But none of this worked, and after a day or so of playing with this a little, a hint was given on Friday night that told us “If you found Mary, you’ve gone too far.” So the whole poem might even be a red herring. This means I don’t have much at all to work with. Just the numbers. And the cover.
Saturday morning, I played a little looking for steganography (looking at the lowest bit, and also treating the three numbers in the phone number as an RGB triplet to search the image for), but gave up on that pretty quickly. Maybe I can get an IP address out of the numbers. I tried factoring the numbers but found nothing obvious. I tried treating it as a single number and converting that to a dotted-quad internet address. That didn’t work. I even tried dropping the first or last number to treat them like hex (0×69651321) but again, no luck.

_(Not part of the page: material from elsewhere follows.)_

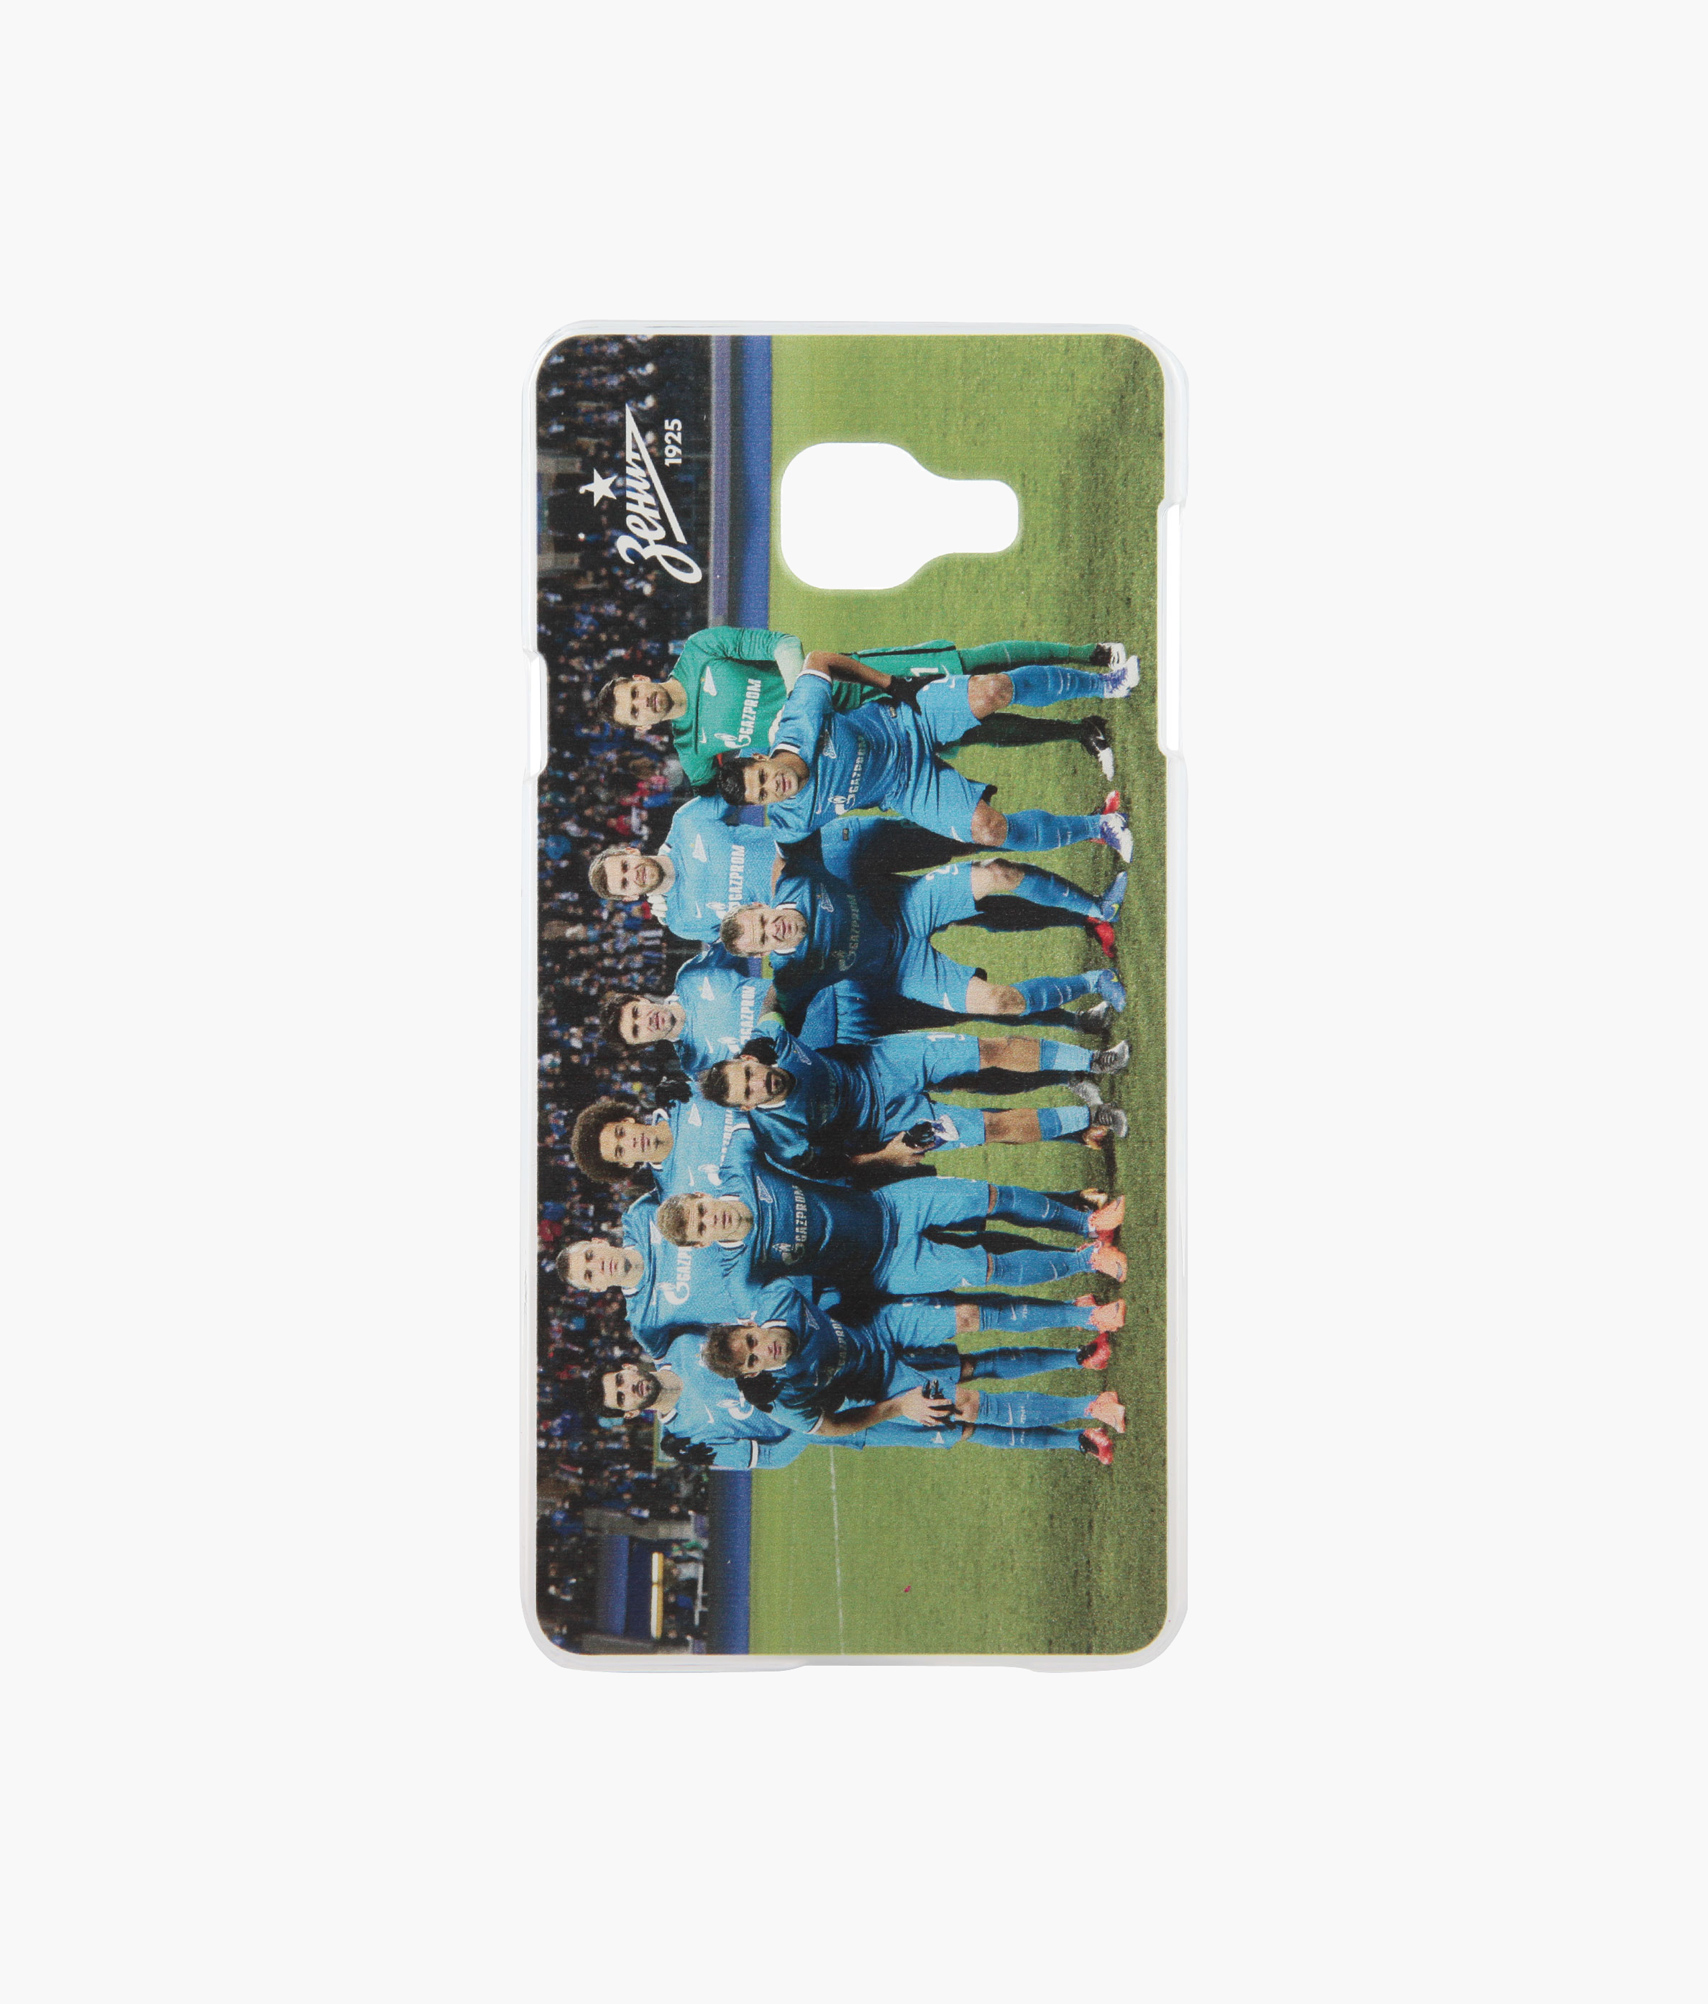 Фото - Чехол Samsung Galaxy A7(2016) «Команда» Зенит аксессуар чехол neypo для samsung galaxy a70 2019 premium silver nsb11648
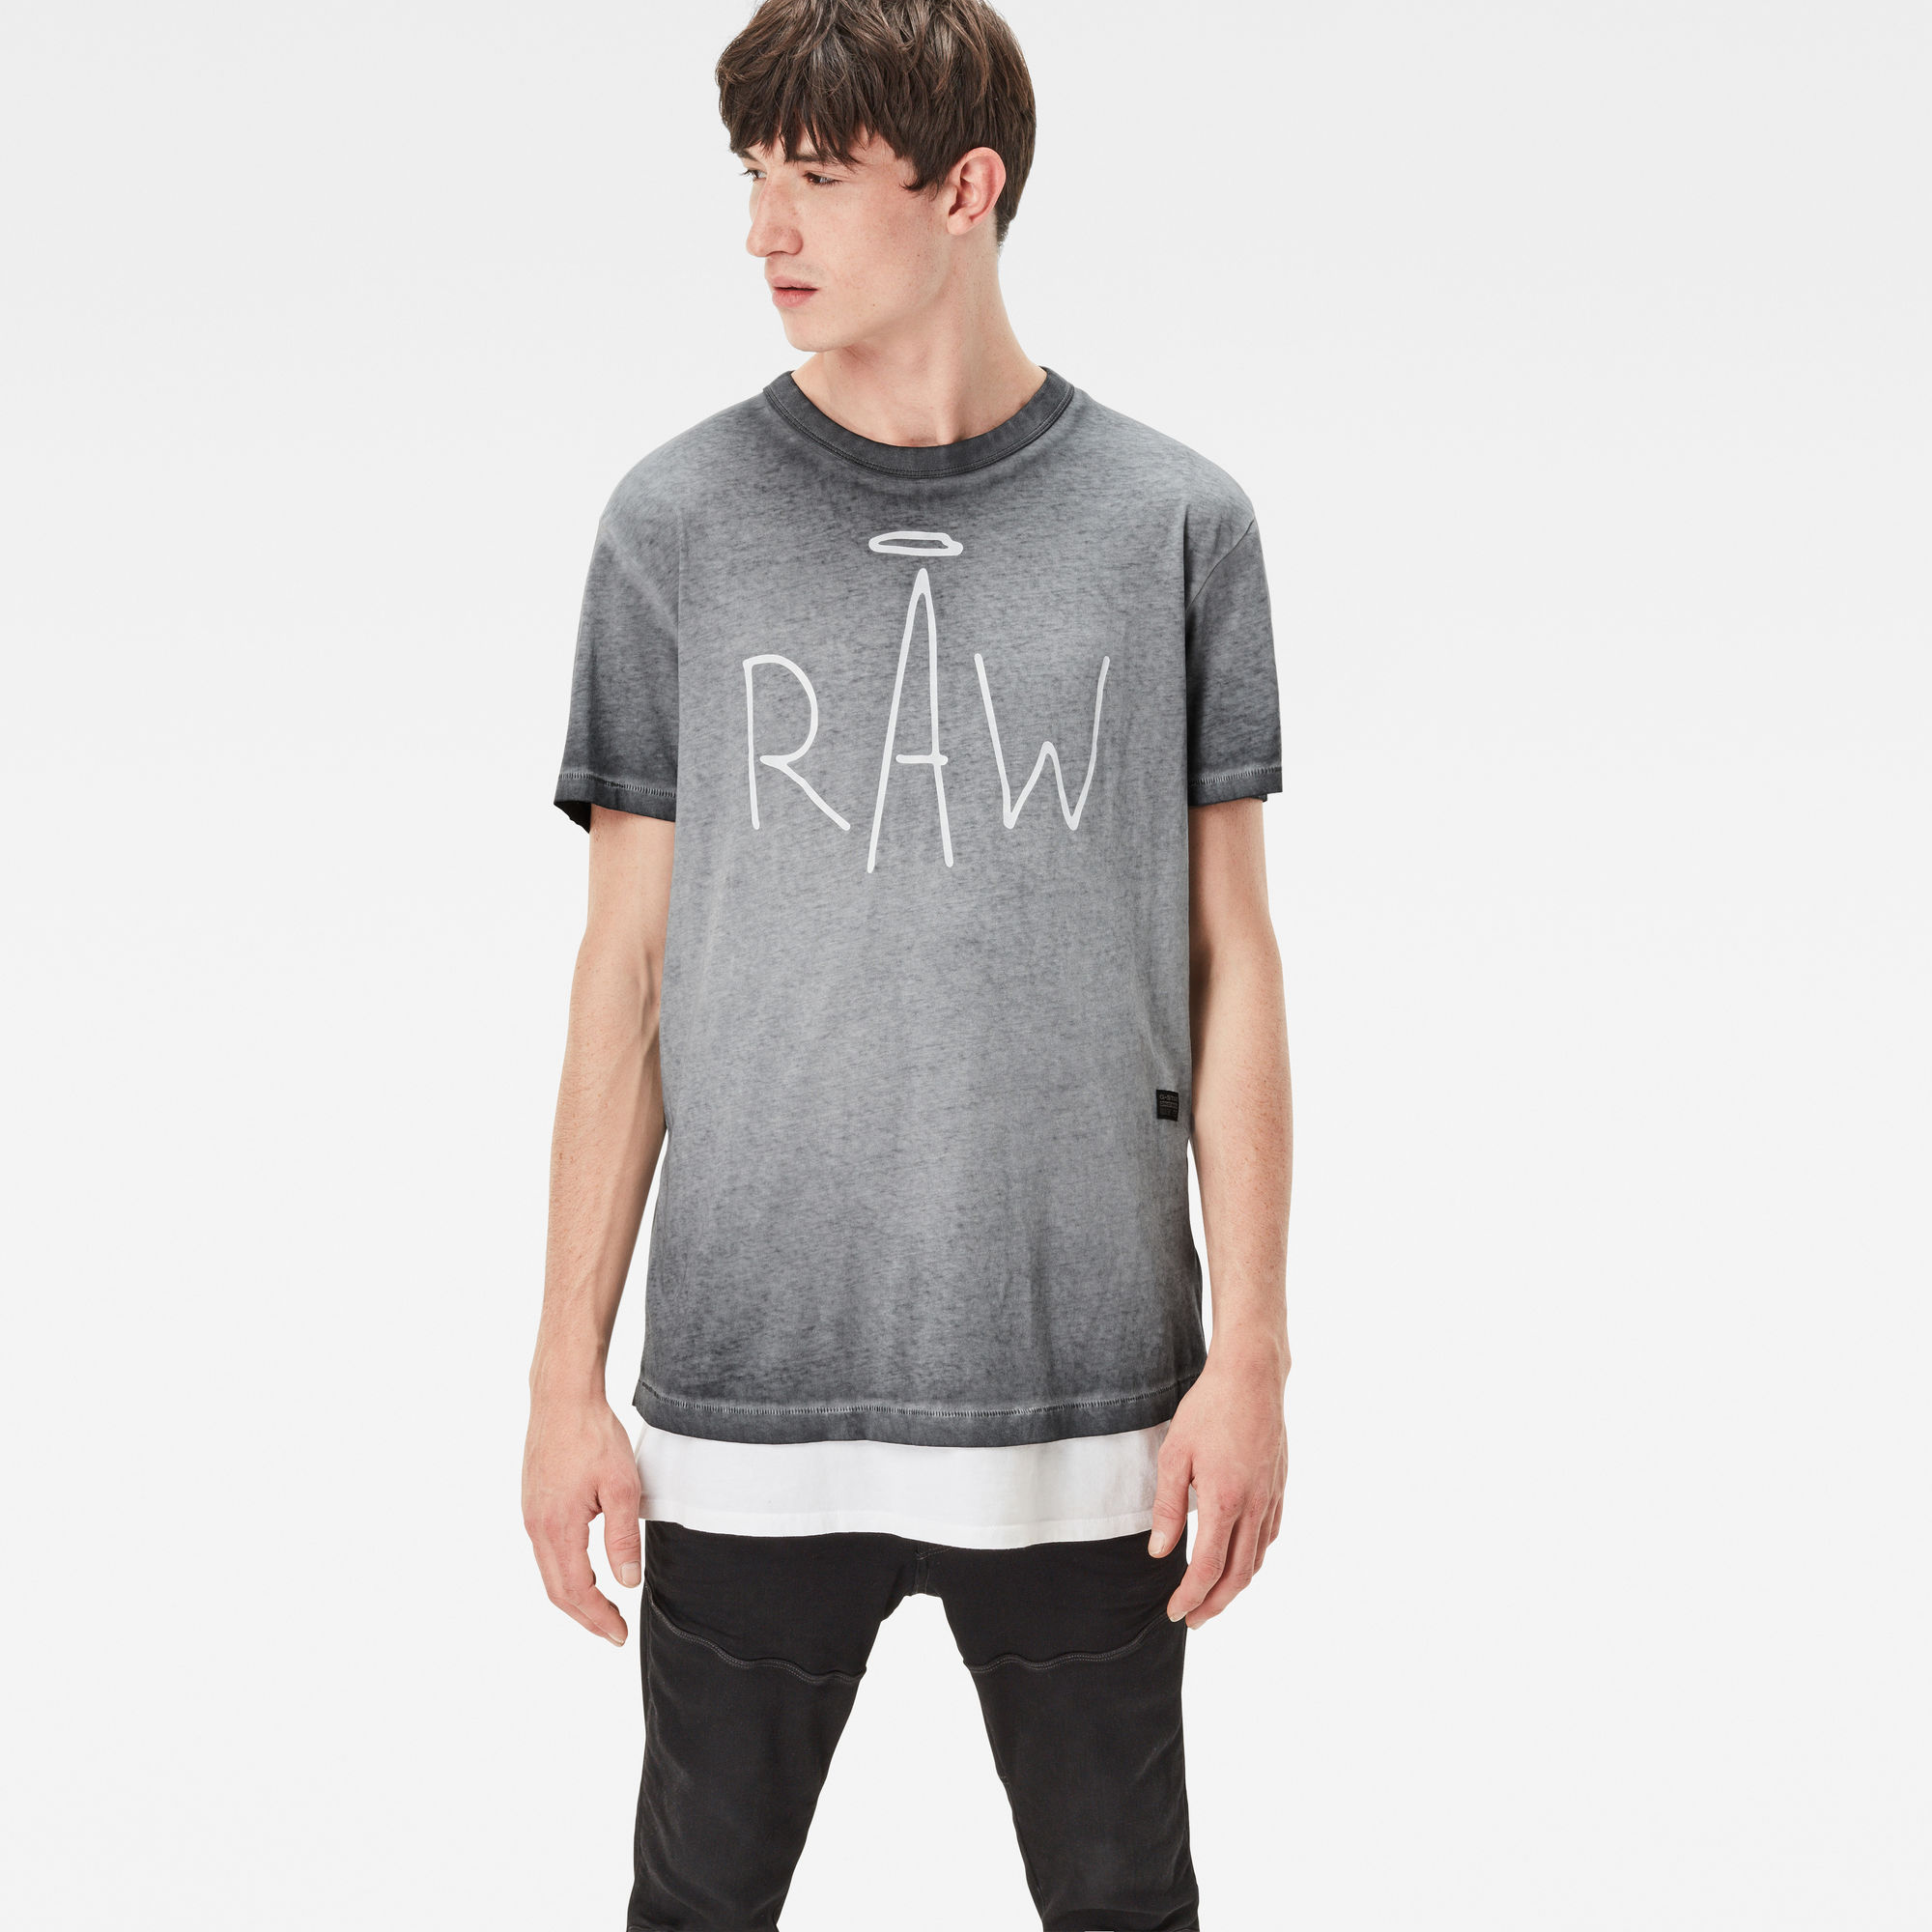 Asteron T-Shirt

Finally, I tried 18.104.22.168 (this made some sense, since one copy of the number was torn off leaving only the last digit behind), and found a website that looked promising: An unconfigured WordPress blog, but after several minutes of explorign I didn’t find anything useful there. Then I realized, wait, I haven’t tried 22.214.171.124 yet. Trying that got me “Server 1 online.” I then tried that on port 443, and got a certificate mismatch error — telling me that I was trying to connect to pastebin.com.
Alrighty, then! Pastebin! But what paste?
I tried searching for different strings from the signs on the cover, and for things like DBIR and Verizon, but had no luck. Finally, I hit paydirt with “half million personal” — and got a huge list of hashes. There were over 14,000 of them…but as I looked closely, I noticed that one of the hashes was short (the last digit had been dropped). Then I saw that a lot of them ended with the same numbers (which told me they were probably LANMAN hashes), and looking even further, saw there were a lot of full-on duplicates. After passing the list through a couple of awk and sort | uniq -c steps, I found that one hash, and one hash alone, was unique in the entire file.
It only took another minute to lookup that hash online, and found that the password was “PINTEREST.” Cool! So I dashed off to Pinterest and looked for the name associated with that hash, which was “imahintz” (which, obviously, would’ve been a good clue if I’d taken the time to look at all 14,000+ emails).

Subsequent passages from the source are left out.